I do hope you have been watching episodes of The Great British Garden Revival on the telly.

Some have been very interesting; others not so, but that is personal taste, I think.

I was whooping and hollering in support for Chris Beard-shaw’s piece on blossom. He’s quite right that blossom is a fleeting affair but it can, in many cases, lead to the formation of fruit and support wildlife in various forms.

The “fleeting” bit was especially interesting, because I am one of those gardeners who relishes the comings and goings of flowers. I have no desire to attempt to make my garden an all-year affair.

I grow what I love. It does not matter to me that some of the things I love have a short flowering period. I simply enjoy them while they are there and then turn my attention to the next thing that’s going to come along.

I was also whooping and hollering in support of Tom Hart Dyke’s drive for the pelargonium to be called just that: pelargonium.

It is not a geranium, in spite of both pelargoniums and geraniums belonging to the same genus, geraniacae.

One is a hardy herbaceous perennial that comes in species and cultivars suitable for sun/shade/wet/dry.

The other is a succulent from South Africa that will not survive the winter outdoors in our climate and thus is grown as a summer plant.

Bring it undercover in the winter, take cuttings, put it out again in May and it will reward you with a myriad of red, orange, pink and white flowers and, in some cases, gloriously marked leaves.
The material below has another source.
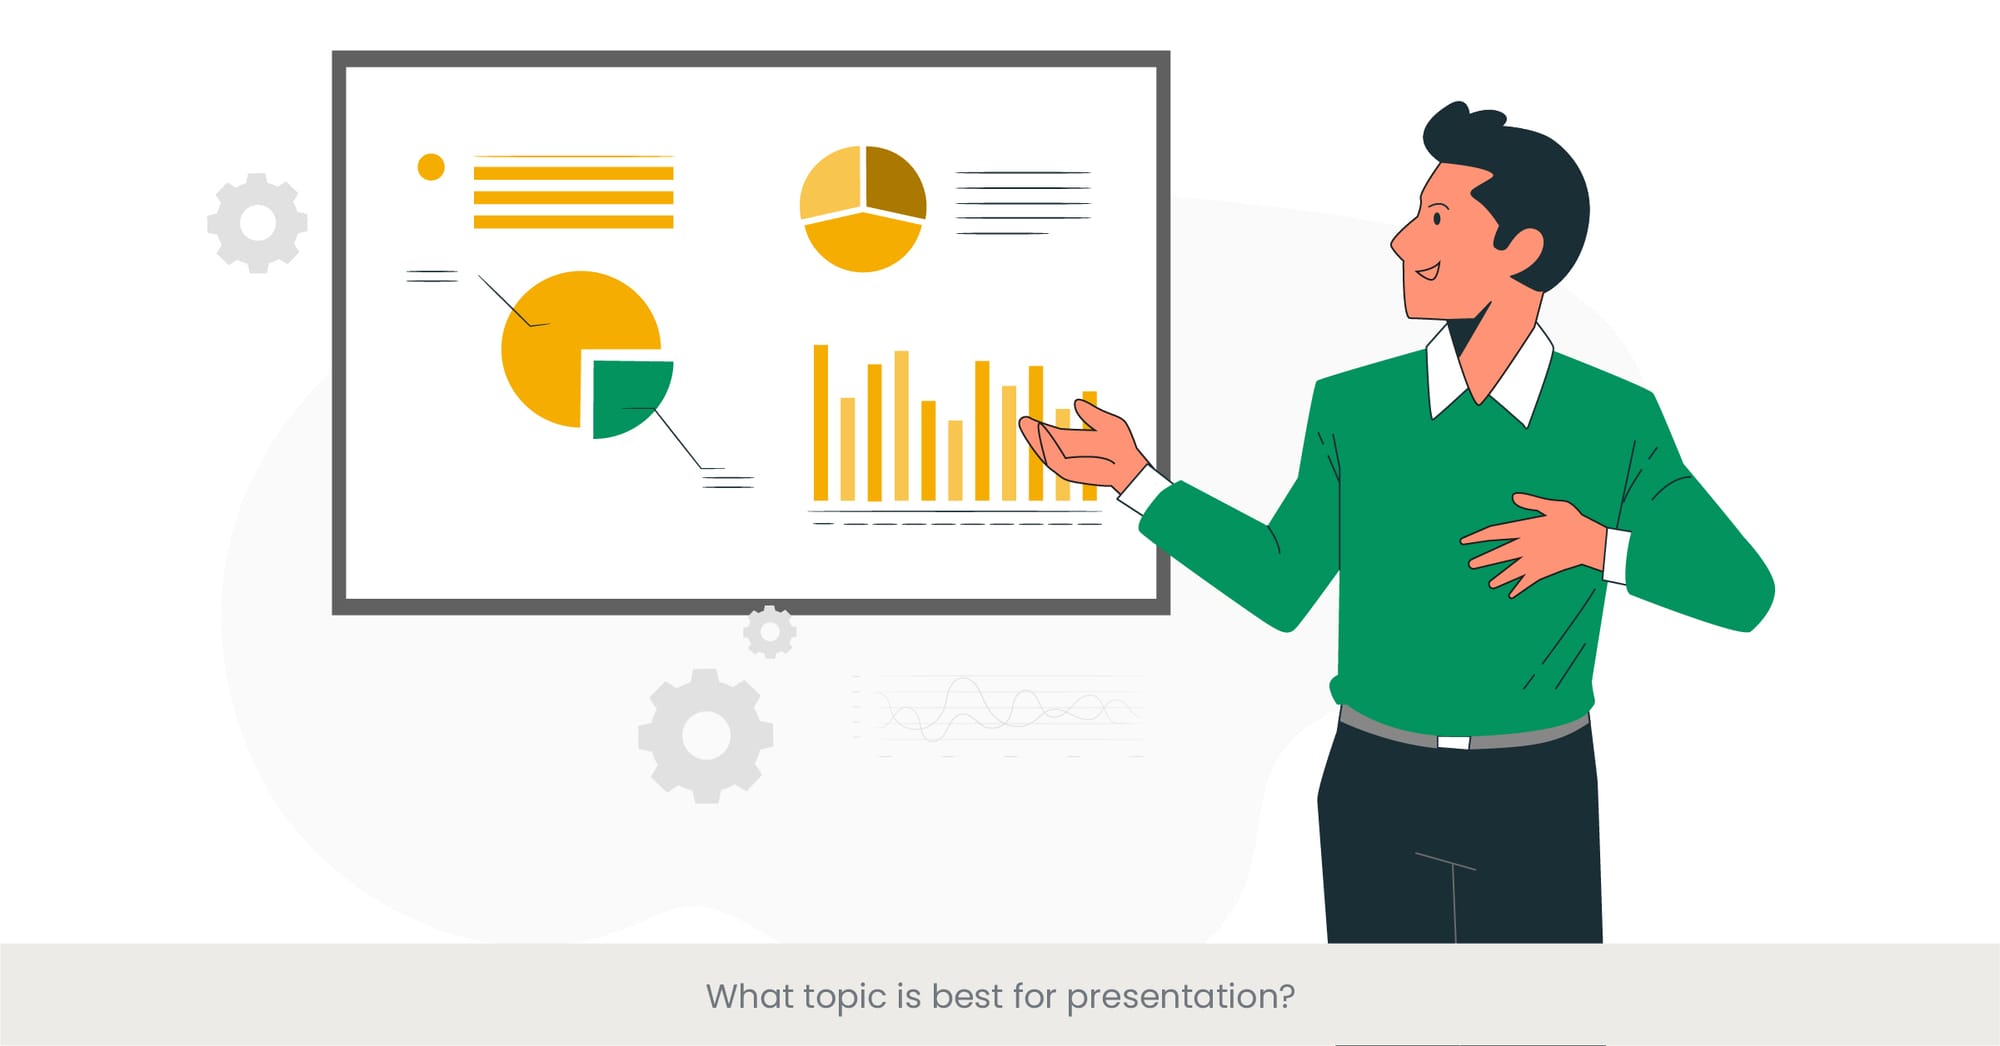  What topic is best for presentation

But a hardy perennial, it ain’t!

The problem has been compounded by growers using “geranium” on their plant labels, but, as a garden centre, we shall now be using “pelargonium” on our signs.

Christine Walkden’s piece on shade was good, too. All too often we think of shade as a problem. To be fair, dry shade is a problem; probably one of the worst you can encounter as a gardener and difficult to deal with, especially where there are trees not only shading the area but also sucking every bit of food and water out of the soil.
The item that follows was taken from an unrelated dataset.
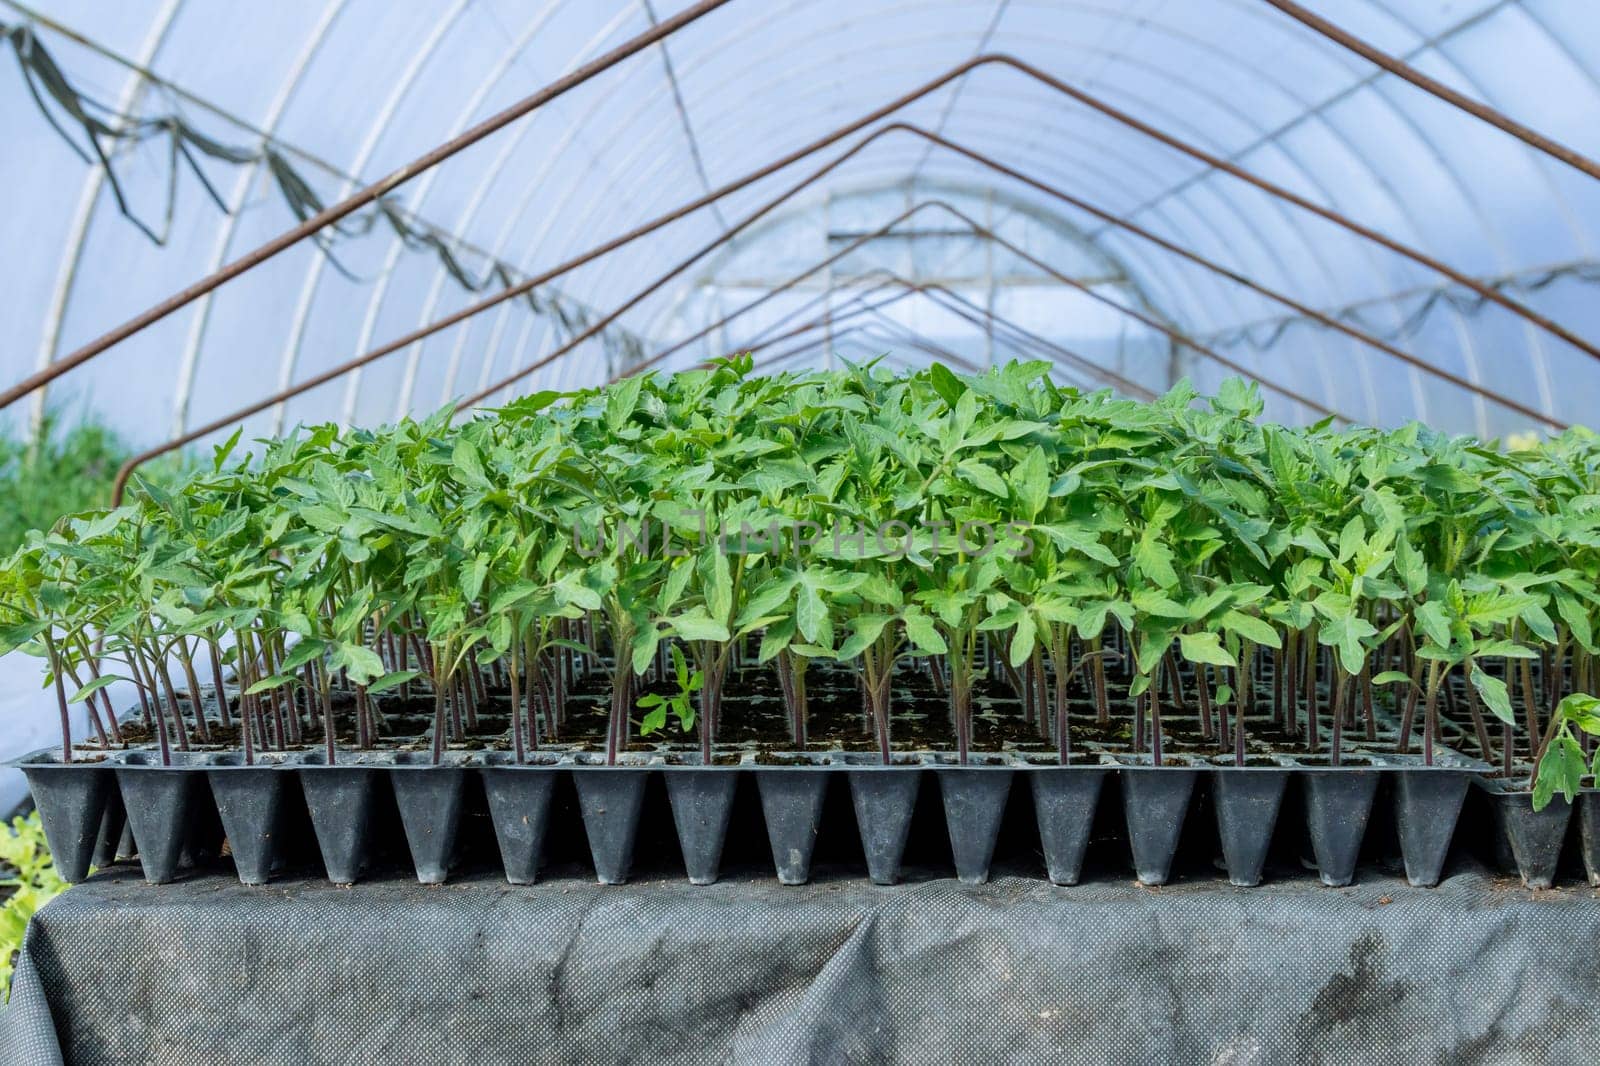 Greenhouse environment provides ideal conditions for tomatoes to develop into healthy, ripe fruits.

In this instance, can the trees be removed or at least thinned? Conifers cannot be thinned in the same way as deciduous trees and have the added disadvantages of not shutting down in winter and shedding acidic needles that can change the pH of the soil. They also exude toxins, inhibiting the germination and growth of other plants. This explains why, if you visit a conifer plantation, there is nothing else there.

If trees are not the cause of shade, then aspect will be; in other words, whether a garden faces north or north-west. My garden faces north-west and is that a problem? No! The last garden I had faced south and was far more problematic from a watering point of view.

The space baked, so I was limited in what I could grow. My north-west facing garden has a border that gets very little sun, but I have stuffed it with ferns, snowdrops, hepatics, hellebores, cimicifuga and clematis that will reach up and find the sun with trellis.

The rest of the garden gets the sun at various points during the day and I am fortunate enough to have planned a west-facing sitting area in which to relax when I get home from work . . . after I’ve done weeding and pruning.